Advanced Navigation, an Australian company, is revolutionizing underwater exploration with its pint-sized autonomous underwater vehicle (AUV), Hydrus. With a vision to democratize ocean exploration akin to consumer drones, Hydrus aims to uncover the mysteries of the deep ocean, offering applications for mapping coral reefs, discovering shipwrecks, and much more.
Hydrus, unveiled in 2022, is a compact yet powerful AUV measuring less than half a meter long. Despite its small size, it boasts full autonomy and is equipped with a 4k-resolution camera capable of capturing high-definition video and constructing detailed 3D photogrammetry models. With a depth rating of 3,000 meters, a range of 9 kilometers, and a battery life of up to three hours, Hydrus can easily undertake various missions.
Recently, Advanced Navigation sold two units of Hydrus to the Australian Institute of Marine Science (AIMS), which will employ them to survey coral reefs in the North West Shelf region off Australia’s west coast. Additionally, Hydrus collaborated with the Western Australian Museum to produce detailed 3D models of shipwrecks, showcasing its versatility and utility in maritime archaeology.
The key to Hydrus’s success lies in its innovative design and technology.

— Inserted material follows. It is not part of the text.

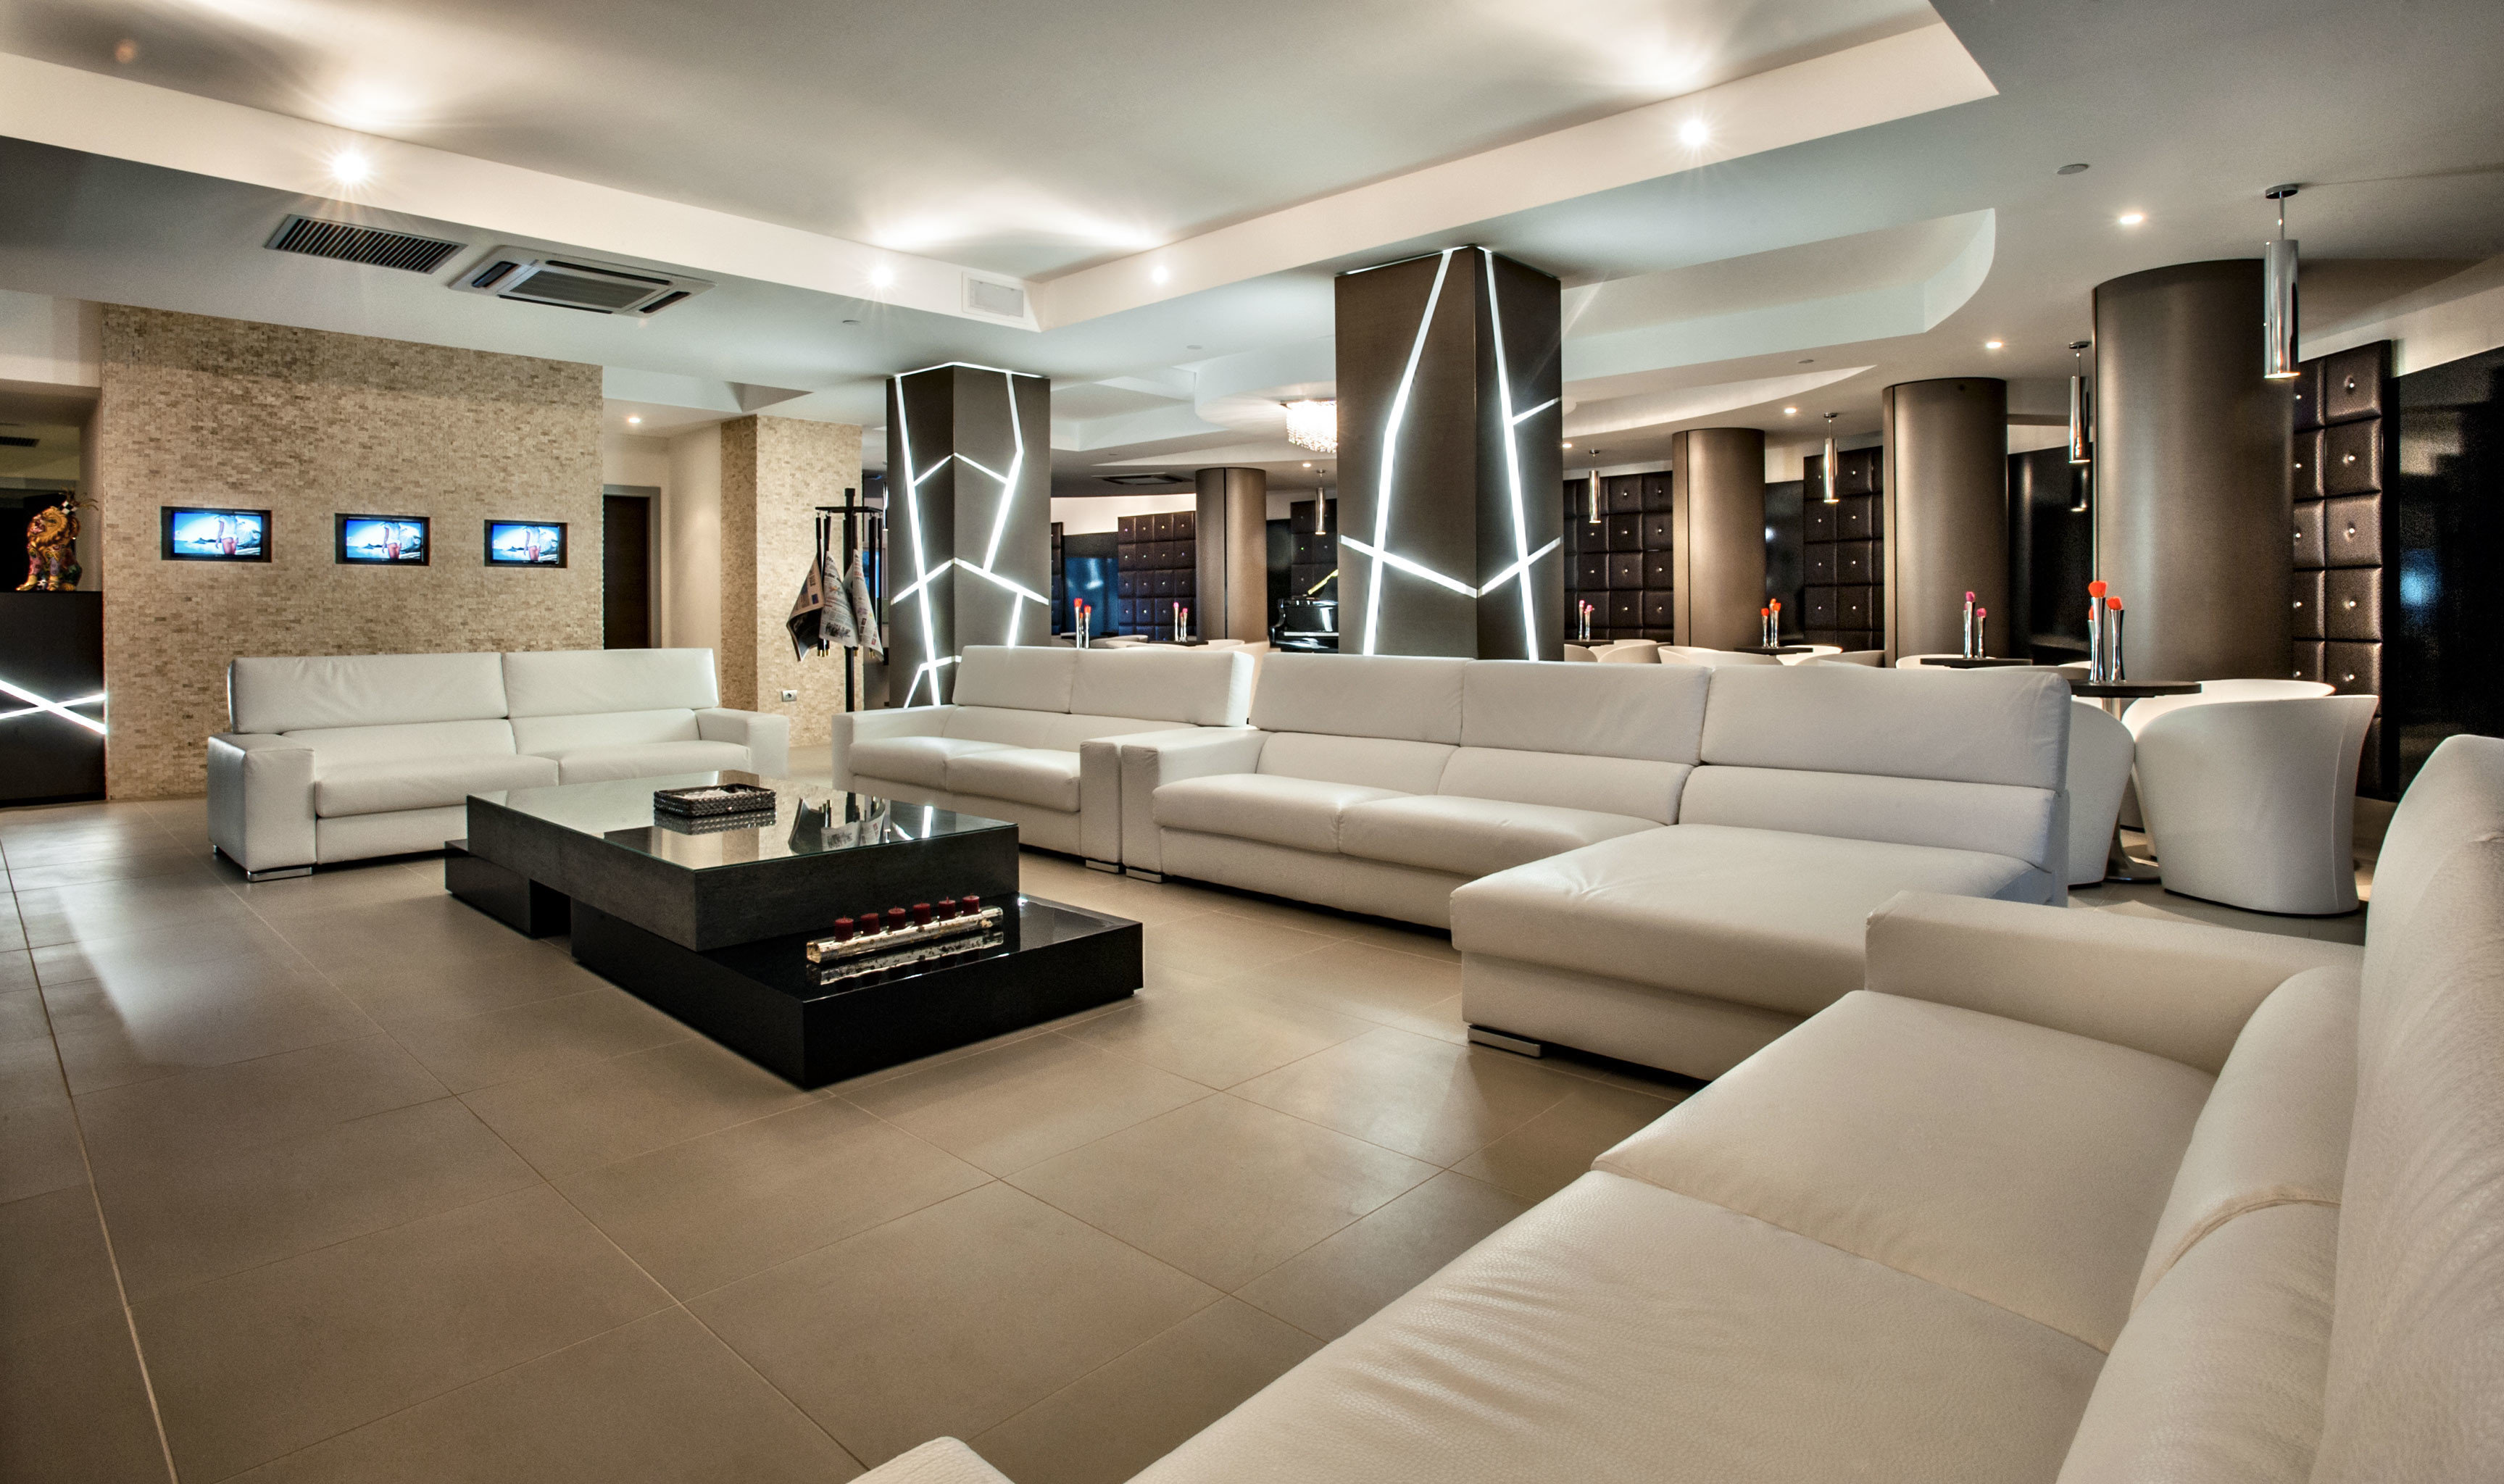 Hip Lounge Luxury sofa living room property white Lobby home yacht condominium vehicle lighting passenger ship mansion Modern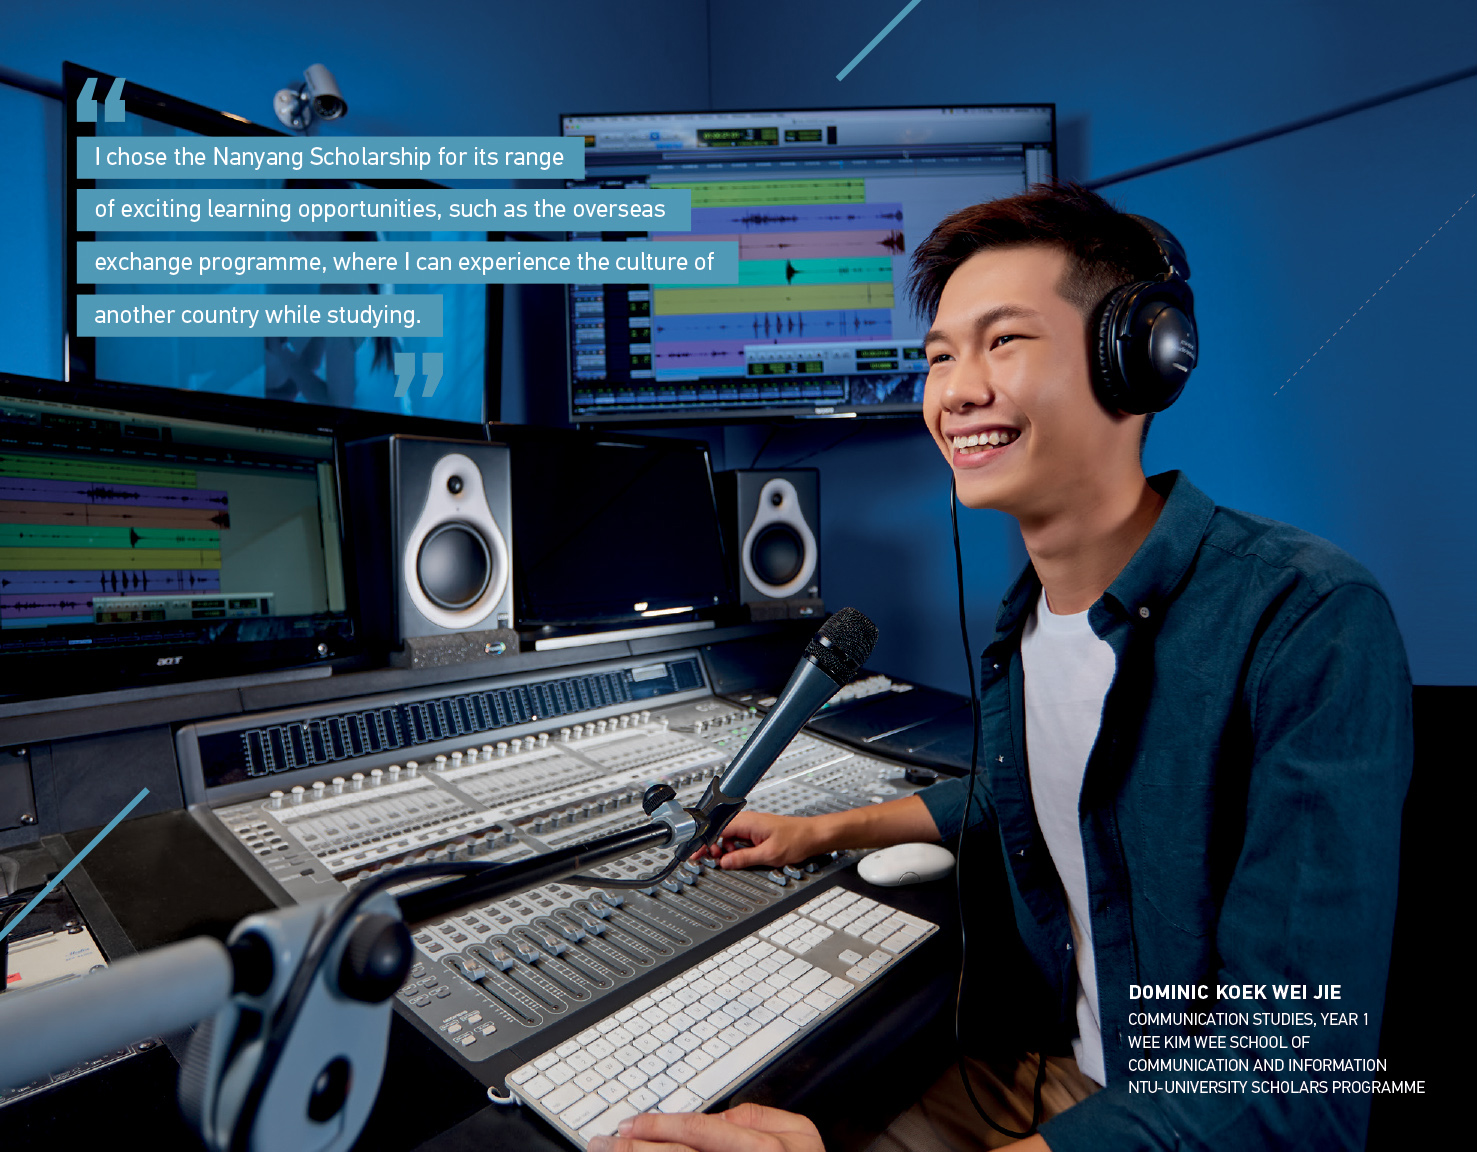 Corporate-Lifestyle-Photography-Singapore-NTU-4

Unlike traditional AUVs that rely on bulky titanium tubes to protect critical components from high pressure and corrosive seawater, Hydrus utilizes bespoke pressure-tolerant electronics. Advanced Navigation meticulously developed circuit boards using components tested under extreme conditions, encasing them in a waterproof composite shell. Moreover, Hydrus operates wirelessly, enabling seamless data transfer and inductive charging for batteries.
Another hallmark of Hydrus is its ease of use. Equipped with inertial navigation technology and a sonar system, it supports autonomous navigation and obstacle avoidance, minimizing the need for manual intervention. Users can program waypoints on a map, deploy Hydrus into the water, and let it carry out its mission independently. This simplicity, combined with its compact size, significantly reduces operational costs and enhances accessibility to underwater data.
For organizations like AIMS, Hydrus offers a game-changing solution for marine research. Its ability to operate at greater depths than human divers and in hazardous conditions ensures data collection even in challenging environments. AIMS plans to utilize Hydrus to monitor coral reefs, assess their health, and study their response to climate change—a testament to Hydrus’s potential as a vital tool in ocean conservation and research efforts.